The first three combinations with the lowest AIC had less than ideal residual distributions. The fourth and fifth look better. Eventually choose the fifth which had a more normal distribution, even though it had a higher AIC.

```
par(mfrow=c(1,4))
bank.models <- NULL
current.ts <- ts(sod.by.year.banks$freq)
for(j in 2:3){for(i in 2:3){for(h in 1:3){
current.model <- arima(current.ts, order=c(j,i,h))
bank.models <- rbind(bank.models, c(j,i,h, round(current.model$aic,digits = 2)))
}}}
bank.models <- as.data.frame(bank.models)
colnames(bank.models) <- c("p", "d","q","AIC")
bank.models$AIC <- as.numeric(as.character(bank.models$AIC))
bank.models$AIC <- as.numeric(as.character(bank.models$AIC))
bank.models <- bank.models[order(bank.models$AIC),]
for(l in 1:nrow(bank.models)){
current.model <- arima(current.ts, order=c(bank.models$p[l],bank.models$d[l],bank.models$q[l]))
title <- paste("Order: ", bank.models$p[l],bank.models$d[l],bank.models$q[l],"AIC:",bank.models$AIC[l] )
if(bank.models$p[l]==2 & bank.models$d[l]==2 & bank.models$q[l]==1)
{highlight<-"blue"} else {highlight<-"white"}
hist(current.model$residuals, main=title, col = highlight)
qqnorm(current.model$residuals)
qqline(current.model$residuals)
}
```

This one was interesting, the trend is obvious but no model yielded a curved distribution. The closest one was 2,2,1 which is the model selected.

```
par(mfrow=c(1,4))
branches.models <- NULL
current.ts <- ts(sod.by.year.branches$freq)
for(j in 0:2){for(i in 0:2){for(h in 0:2){
current.model <- arima(current.ts, order=c(j,i,h))
branches.models <- rbind(branches.models, c(j,i,h, round(current.model$aic,digits = 2)))
}}}
branches.models <- as.data.frame(branches.models)
colnames(branches.models) <- c("p", "d","q","AIC")
branches.models$AIC <- as.numeric(as.character(branches.models$AIC))
branches.models$AIC <- as.numeric(as.character(branches.models$AIC))
branches.models <- branches.models[order(branches.models$AIC),]
for(l in 1:12){
current.model <- arima(current.ts, order=c(branches.models$p[l],branches.models$d[l],branches.models$q[l]))
title <- paste("Order: ", branches.models$p[l],branches.models$d[l],branches.models$q[l],"AIC:",branches.models$AIC[l] )
if(branches.models$p[l]==2 & branches.models$d[l]==2 & branches.models$q[l]==1)
{highlight<-"blue"} else {highlight<-"white"}
hist(current.model$residuals, main=title, col=highlight)
qqnorm(current.model$residuals)
qqline(current.model$residuals)
}
```

In the case for branches, the eighth model was selected. It had the best residual distribution with the lowest AIC score.

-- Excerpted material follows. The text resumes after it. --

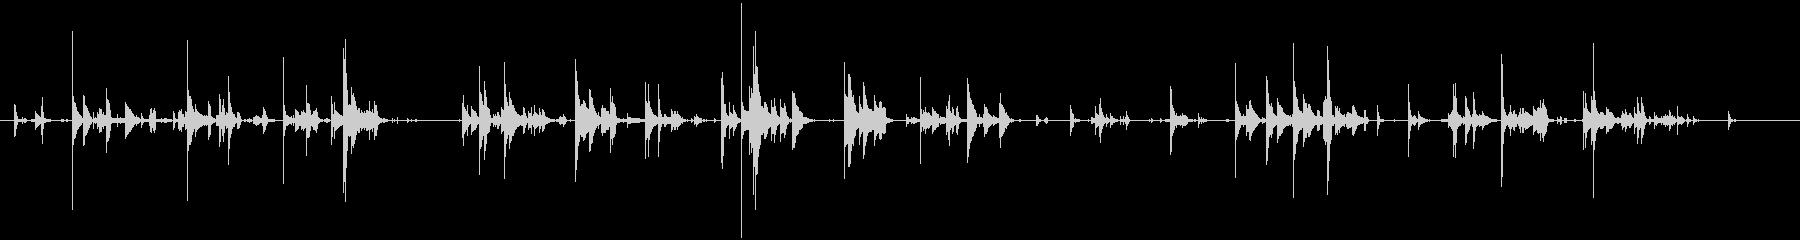 シングルジングルベルが鳴るの未再生の波形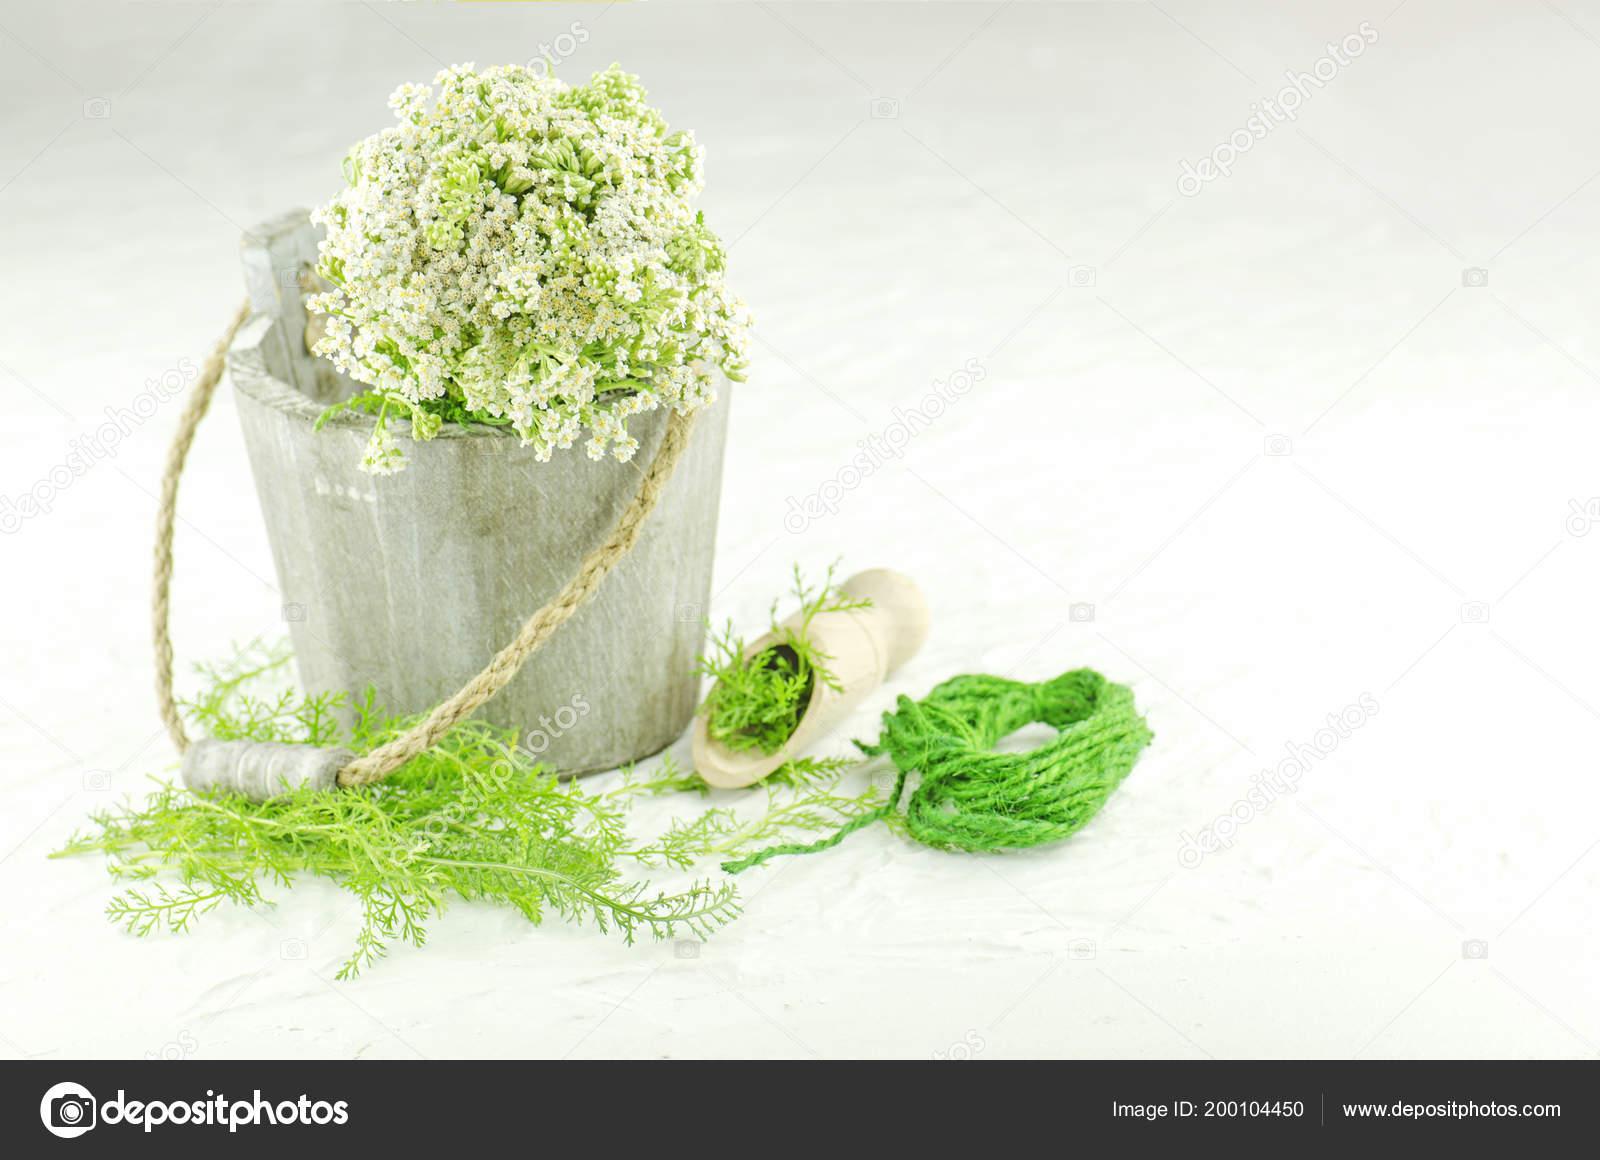 Bunch achillea millefolium white flower bundle yarrow yarrow white bunch achillea millefolium with white flower bundle of yarrow yarrow on white background yarrow in herbal medicine photo by lesichkalll27ail mightylinksfo

When this model is applied for predictions, it has a high upper limit for a 95% confidence interval. Taking into account what we’re seeing in the industry, this highly unlikely. The model is considering this as a possibility due to the fact that for the first half of the 2000’s the branch numbers were on the rise, but after 2009 the downward trend will more likely remain if not accelerate as the lowest limit of the confidence interval seems to suggest.

## Comments

Above is a quick view of the general trend of the numbers. Each has a unique trend: the trend for deposits is ascending, the one for banking institutions is descending and the one for branches is a curve, with a peak in 2009. So each will need to be analyzed separately for model selection.